Finding That Fake Photo! The Fight Against Deepfake

Finding That Fake Photo! The Fight Against DeepfakeFinding That Fake Photo! The Fight Against Deepfake

Rumors Stop at FakeCatcher.
Compiled by | Zi Pei
On January 13, ZhDongxi reported that with the popularity of one-click face-swapping applications like Deepfake, more and more ordinary people can easily modify the images and even the voices of people in videos, achieving a level of realism that is hard to distinguish from the real thing. However, behind the fun, there are also risks that promote rumors and invade privacy.
In January 2019, Binghamton University collaborated with Intel to launch a video image detection tool called FakeCatcher. This August, researchers published a paper titled “How Do the Hearts of Deep Fakes Beat? Deep Fake Source Detection via Interpreting Residuals with Biological Signals,” achieving an accuracy of 97.29%.
How does FakeCatcher realize its “anti-fake” function? Will it lead to Deepfake “anti-anti-fake”? And what new breakthroughs and innovations will FakeCatcher have two years later? Today, ZhDongxi will explain it all to you.
Paper: https://arxiv.org/abs/2008.11363

Finding That Fake Photo! The Fight Against Deepfake

01.
Is Deepfake All-Powerful? Heartbeat and Pulse to “Fight Fake”
FakeCatcher is based on the principle of the subtle skin color differences produced by the human heartbeat, and specifically applies the same technology as the fingertip pulse oximeter and Apple Watch used to measure exercise heart rate—photoplethysmography (PPG).
Ilke Demir, a senior research scientist at Intel, stated: “We extracted several PPG signals from different parts of the face and detected their spatiotemporal consistency. In videos synthesized through deep learning, the heartbeat signal has neither consistency nor any relation to the pulse signal. In real recorded videos, the blood flow in the human face is consistent with the pulse, which is the heartbeat signal.”

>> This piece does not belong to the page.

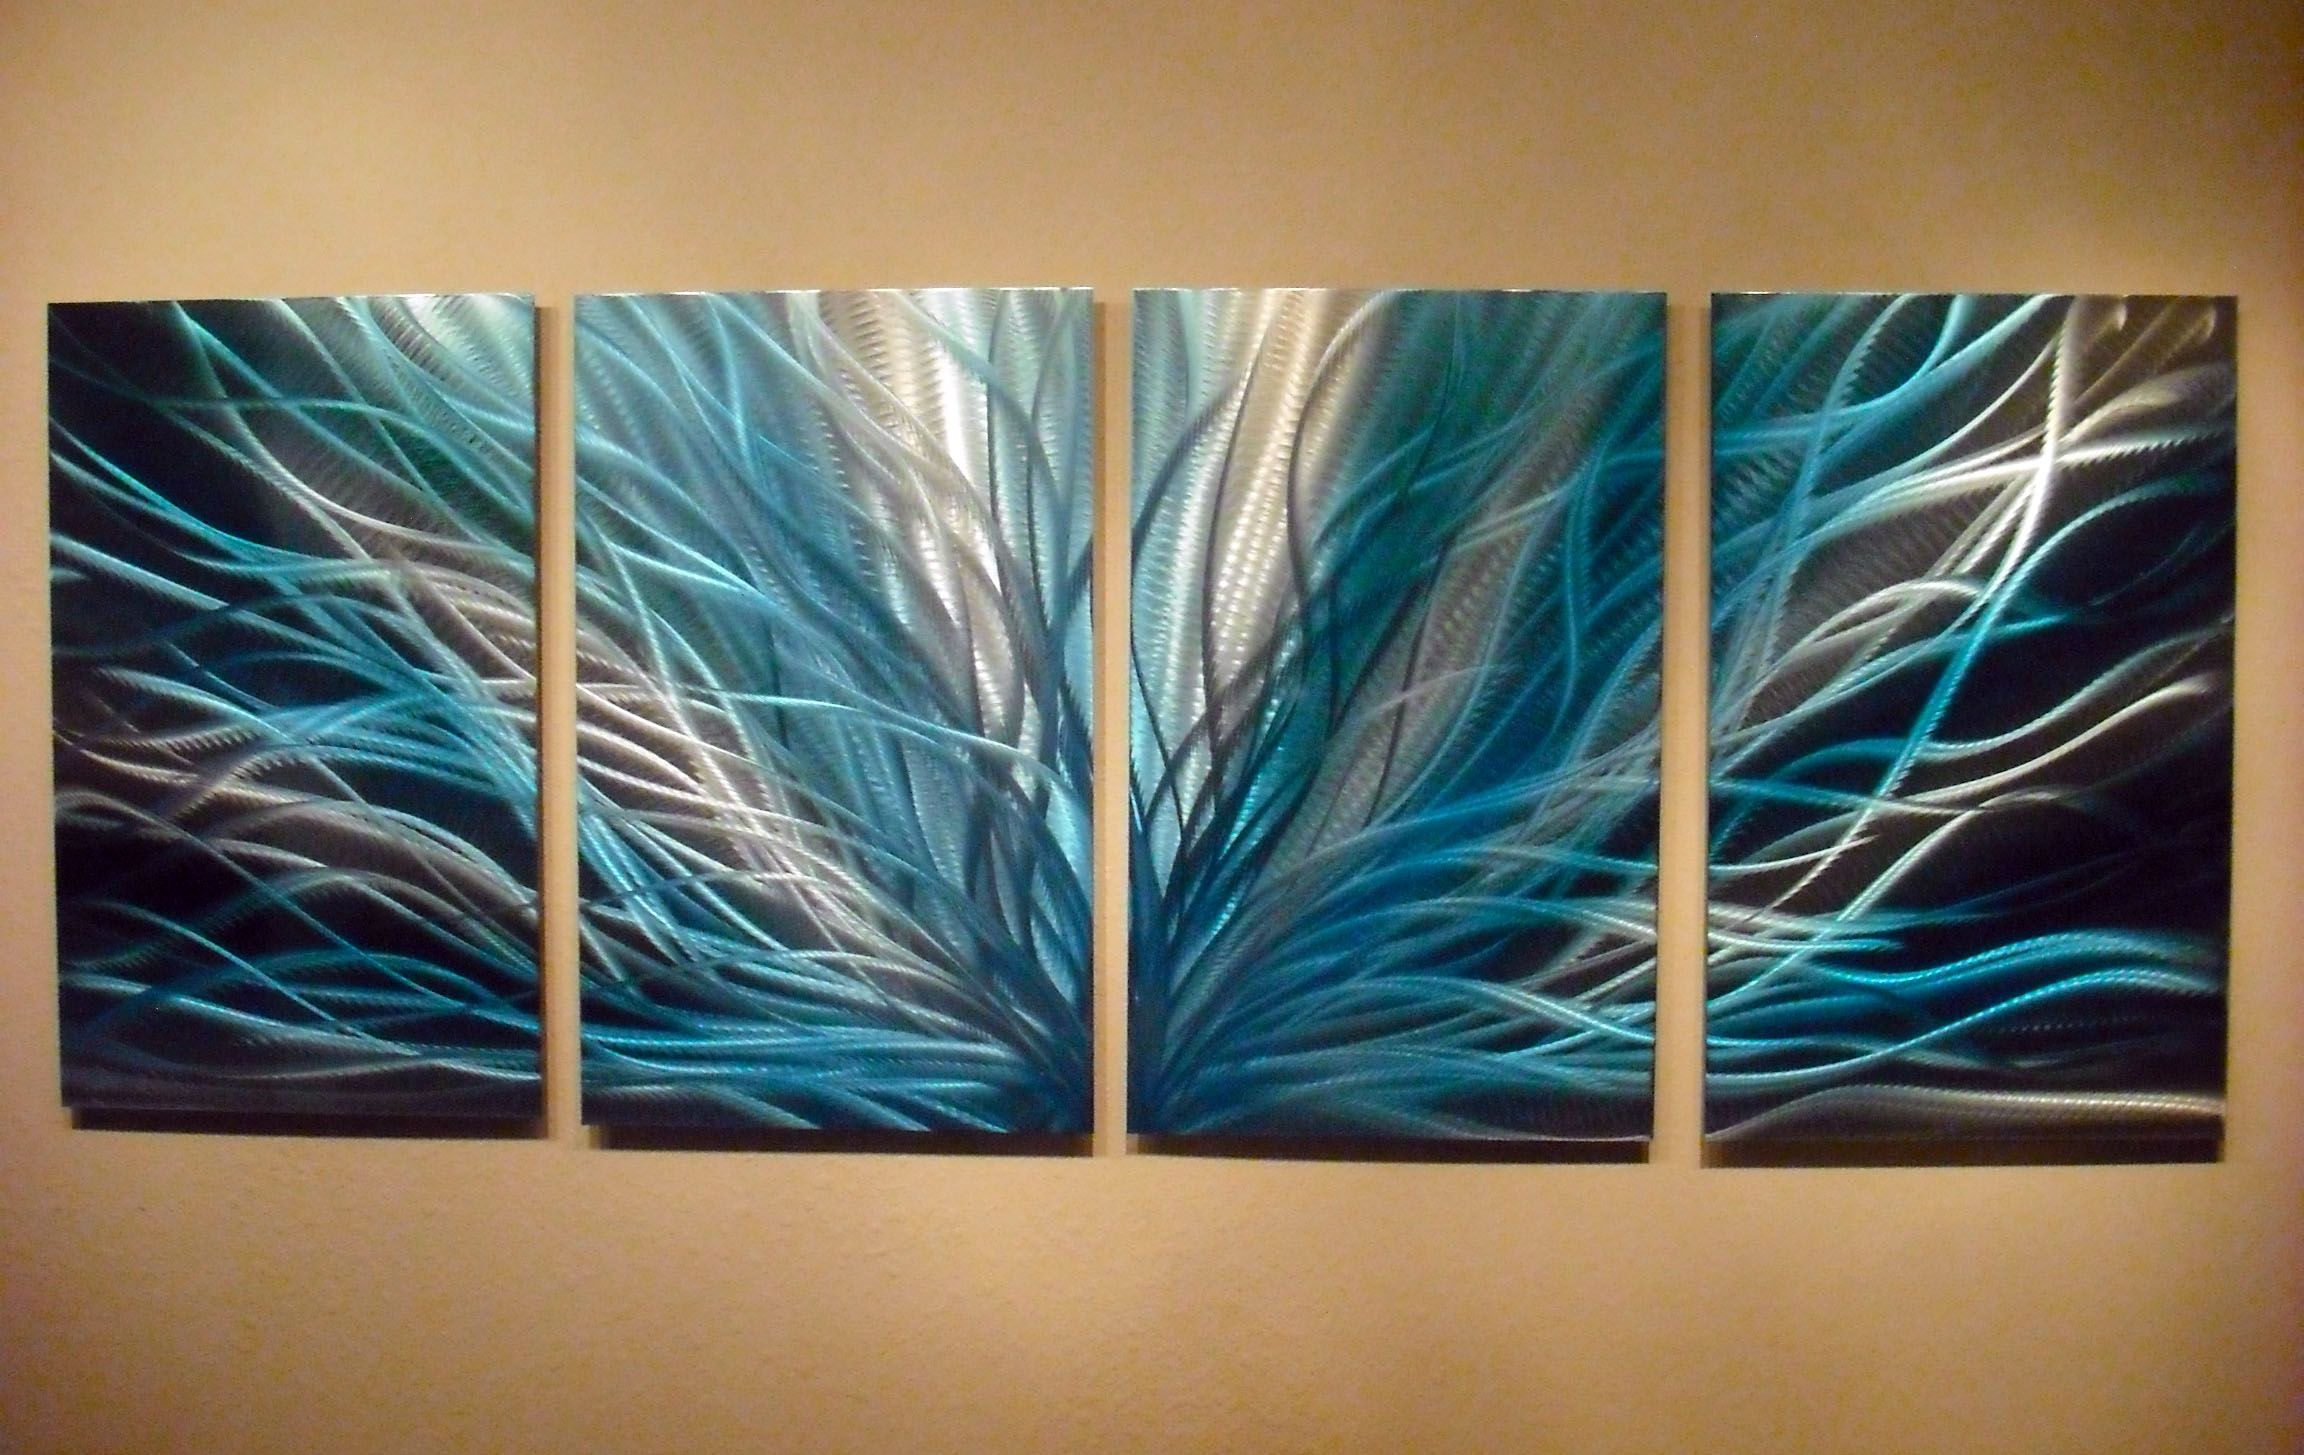 Turquoise Metal Wall Art Intended For Well Known Radiance In Blues  Abstract Metal Wall Art Contemporary Modern (View 4 of 15)

Finding That Fake Photo! The Fight Against Deepfake

▲PPG and rPPG signals of the human face

Collaborating with Demir is PhD Umur A. Ciftci from Binghamton University’s Computer Science Department and his advisor, Professor Lijun Yin from the Graphics and Image Computing Laboratory. The laboratory’s multiple 3D face and expression databases have been used by several Hollywood filmmakers and video game creators for film or game projects.
In the laboratory, Ciftci established the most advanced physiological signal collection equipment in the United States using 18 cameras and infrared cameras. During the experiment, subjects had to wear devices that monitor breathing and heart rate, and 30 minutes of data required 12 hours of computational processing.
Yin said: “Umur did a lot of physiological data analysis and processed the signals with our first multimodal database. We collected not only 2D and 3D visible image data but also data from thermal cameras and physiological sensors. Using physiological features to detect image forgery will be a new approach in the future.”
02.
To Fight “Fake”, First Create “Fake”
Compared to the images collected in the experiment, the quality of “fake photos” processed by Deepfake is much lower, which means that synthesized photos and videos can be more easily detected.
Ciftci said: “We will process the 3D images with the collected physiological signals and synthesize some ‘fake’ videos. Unlike Deepfake, we use real subjects’ data for processing, while Deepfake uses data from the internet. But if we only consider the ‘fake’ aspect, there is not much difference.”
“Just as police know how criminals commit crimes, if we want to find those fake photos, we must first know how they are made. Even when we create our database, we also used some methods from Deepfake.”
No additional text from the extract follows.